New approach to the arithmetic expressions parsing. Fast, scalable and applicable. No stack, no state machine, no Shunting-Yard, no anything in this algorithm! It can be used in many ways depending of what we want to do with the input expression. The code-example which is given here is for transforming simple arithmetic expressions into the corresponding post-order ReversePolishNotation form. (Please note that this intermediary step is not needed anymore for expressions evaluating. Using this algorithm, the evaluation can be done in-place and much faster, which is demonstrated in evaluating-arithmetic-expression.)
I find this approach promissing because it is very fast and scalable. Regarding the speed, it beats the industry-standard 'shunting-yard' algorithm. As for scalability, it should be very simple to add new operators and rules. All the same, we can apply this algorithm/idea for quite different tasks. In a pretty much the same way, we can efficiently make AST trees, evaluate expressions, present them in post-order or pre-order form, handle unary operators and functions, etc. The applied code is expected to be small, readable and fast, as a consequence of a simple and straightforward idea.
The main idea i.e. the main question of this approach is: "which operator will be executed last?"

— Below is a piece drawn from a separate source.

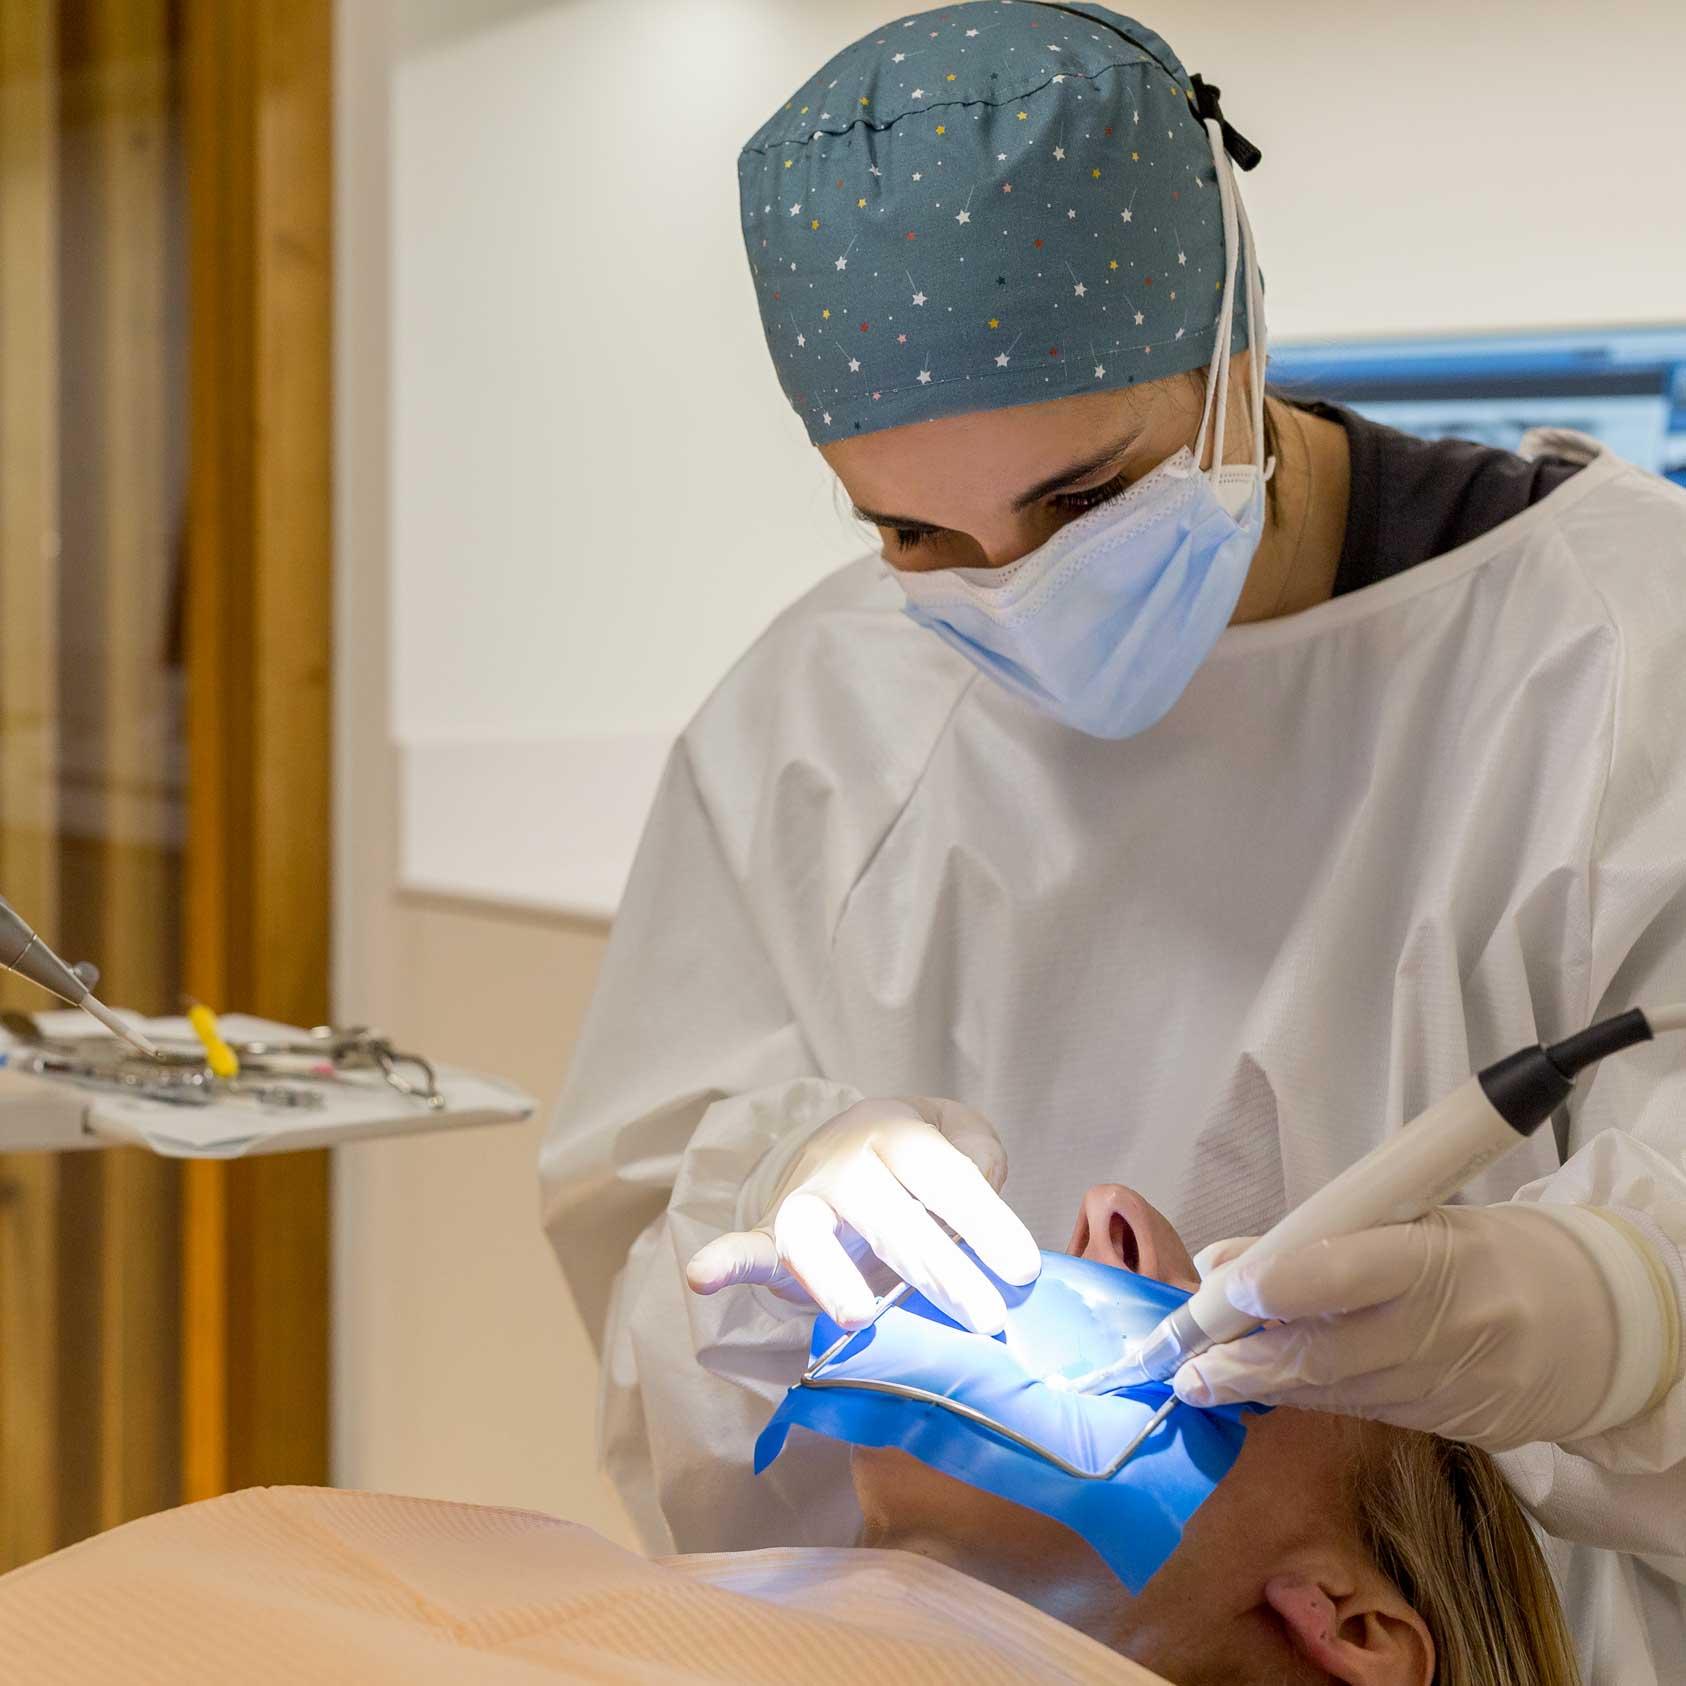 caries y endodoncia

It leads us to the following procedure:
a) We are searching for a free operator of the lowest precedence level (free - not embraced by any parentheses). We are always searching in the oposite direction i.e. if the operators associativity is left-to-right, we are searching from-right-to-left within the expression. If the operators associativity is right-to-left, we are searching left-to-right.
b) When an operator is found, we are using the simple recursive formula, depending on the task we are doing:
in the case of reverse Polish notation, it would be: rpn = rpn(left_subexpression) + rpn(right_subexpression) + (operator)
in the case of evaluation, it would be: eval = apply_operator(eval(left_subexpression), eval(right_subexpression))
in the case of building AST tree: ast = operator_node(ast(left_subexpression), ast(right_subexpression))
etc.
c) If no free operator has been found, we are going to make next try with the operators of the next (higher) precedence level.
d) If we passed all the precedence levels and no free operator has been found, it just means that the entire expression is enclosed within the redundant parentheses (e.g. (x+y-z) ). In that case, parentheses should be trimmed (or ignored) on both ends and we can go on with a) again.
It's not very likely that there can be anything remarkably new in the field of algorithms for parsing arithmetic expressions. However, I was googling and so far, I have found nothing similar to this!? I haven't found this method in the books about discrete math and algorithms!? The interesting is that its logic is (imo) simple and it turns out to be much faster than the most reputed relevant algorithm - Dijkstra's shunting-yard!? 
If anybody knows that this (or similar) algorithm has already been published, please let me know. I will be very thankful. Until then, I'll consider it new...